** WORK TASK **
Leave out the pictures and restate the rest of the data exactly.

+++ SUPPLIED MATERIAL +++

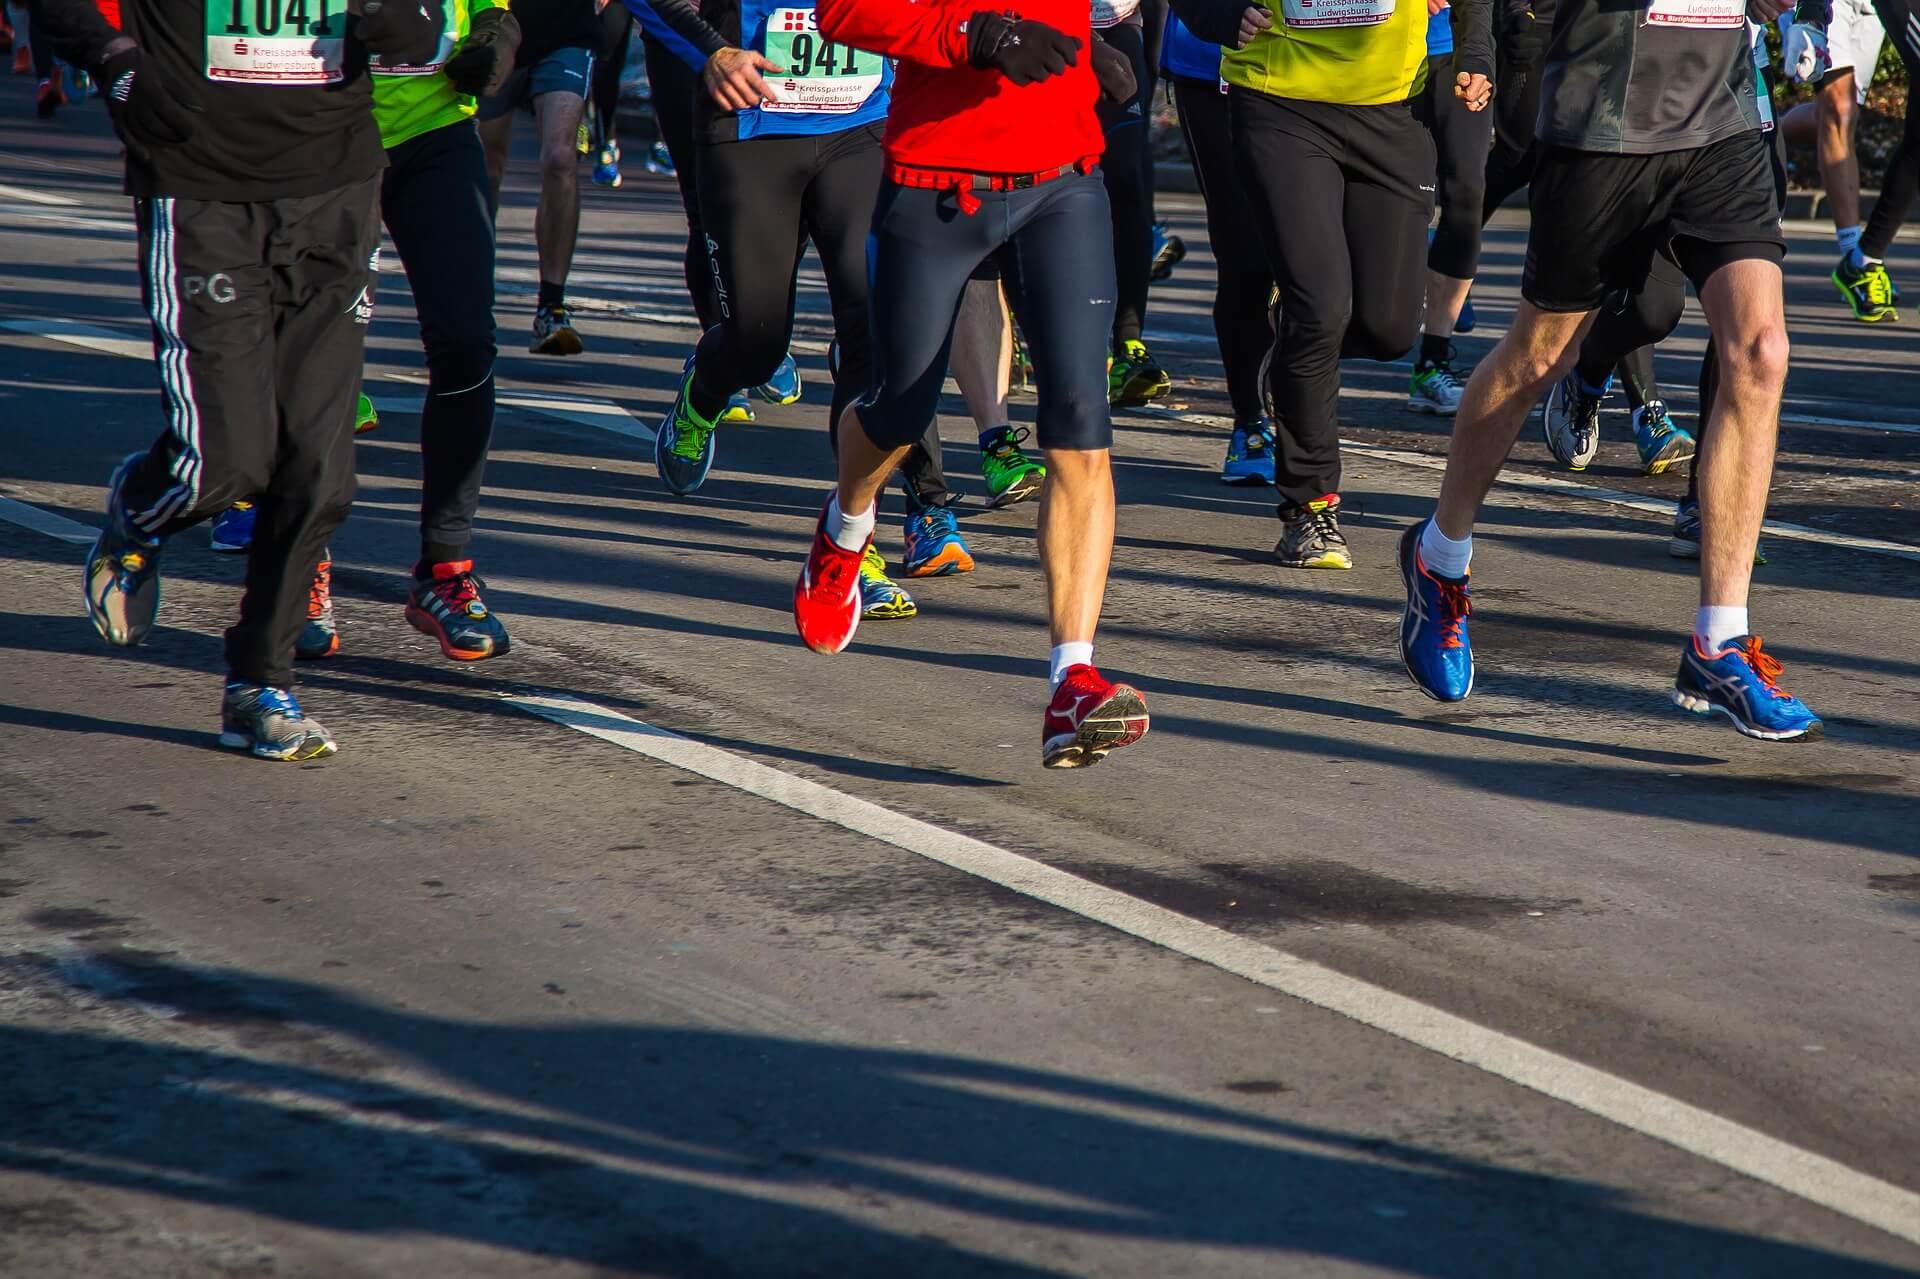 超効率練習|月間171kmでフルマラソン2時間46分(自己ベスト)達成
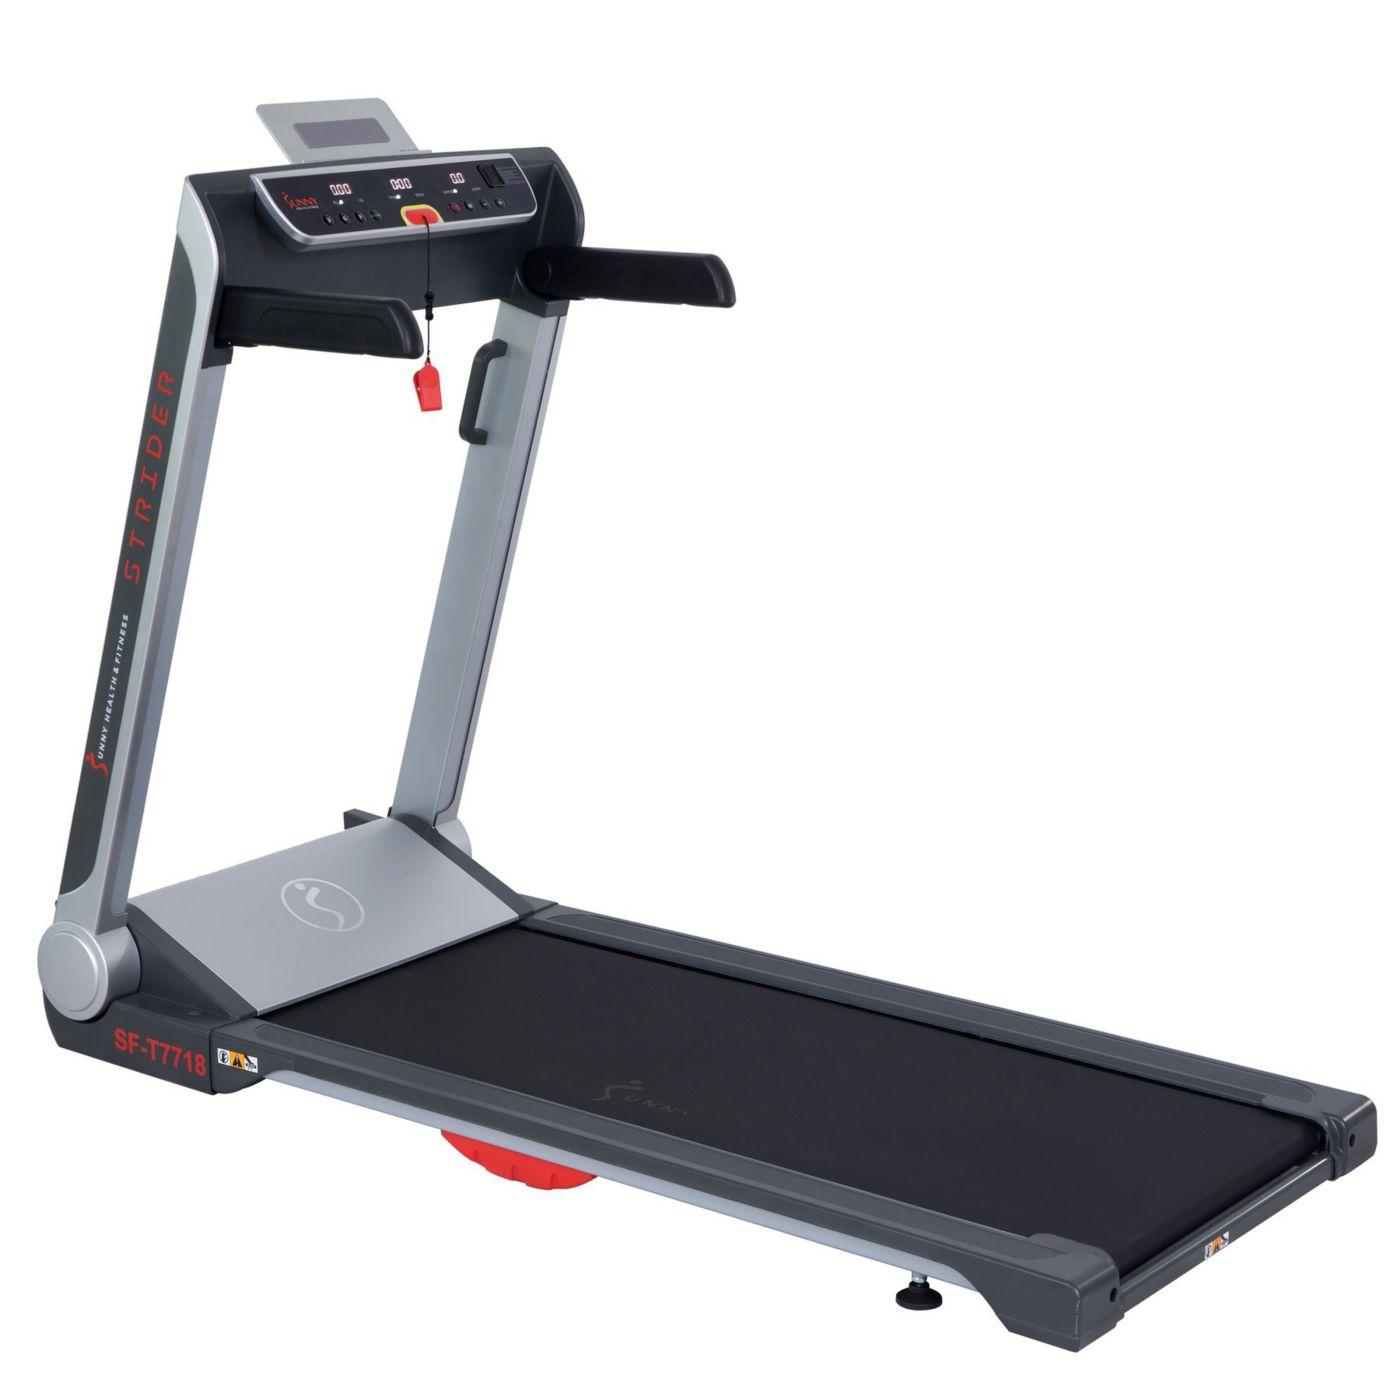 Sunny Health & Fitness SF-T7718 Motorized Folding Treadmill
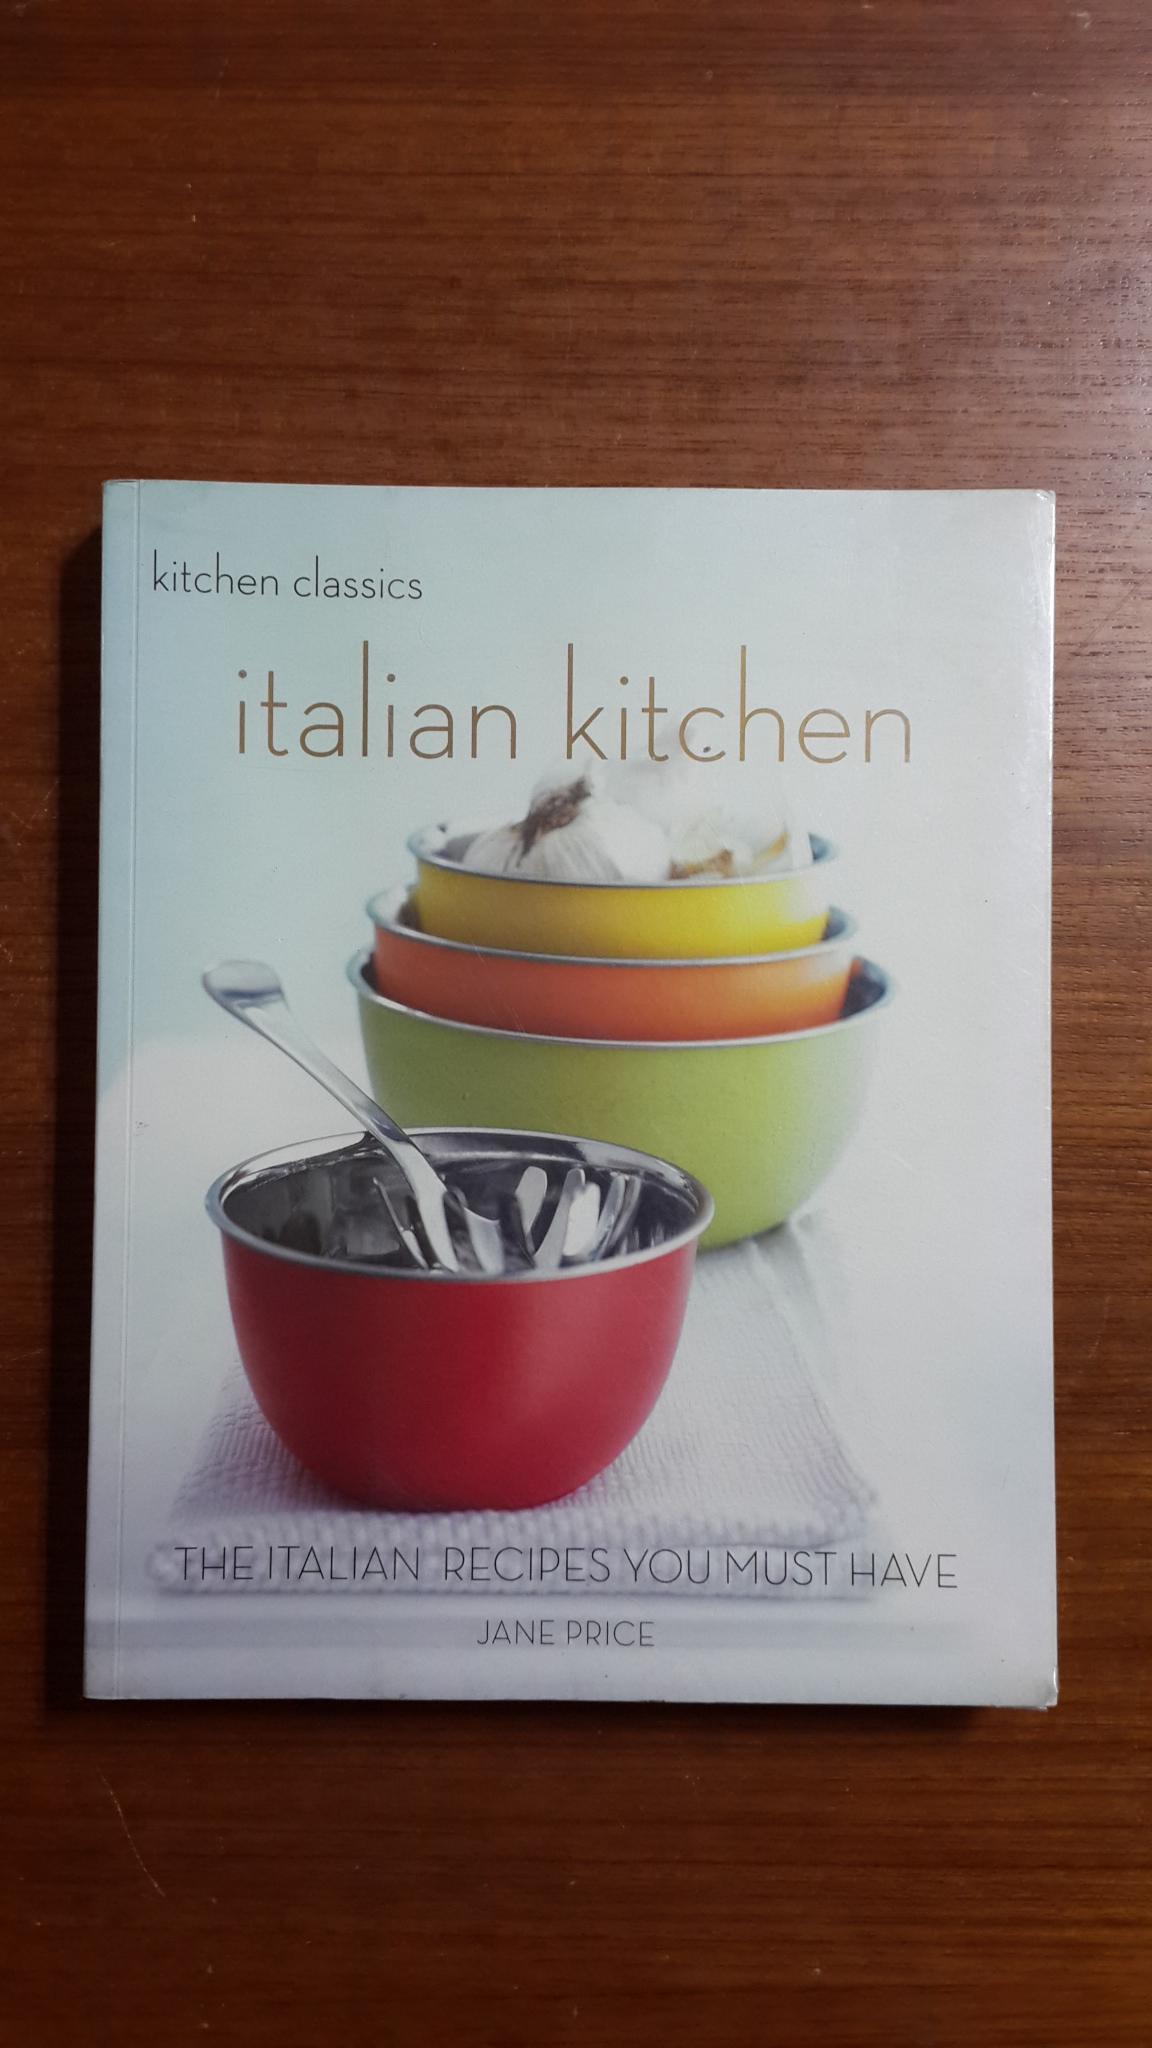 italian kitchen / JANE PRICE

+++

** ANSWER BOX **
 超効率練習|月間171kmでフルマラソン2時間46分(自己ベスト)達成
 Sunny Health & Fitness SF-T7718 Motorized Folding Treadmill
 italian kitchen / JANE PRICE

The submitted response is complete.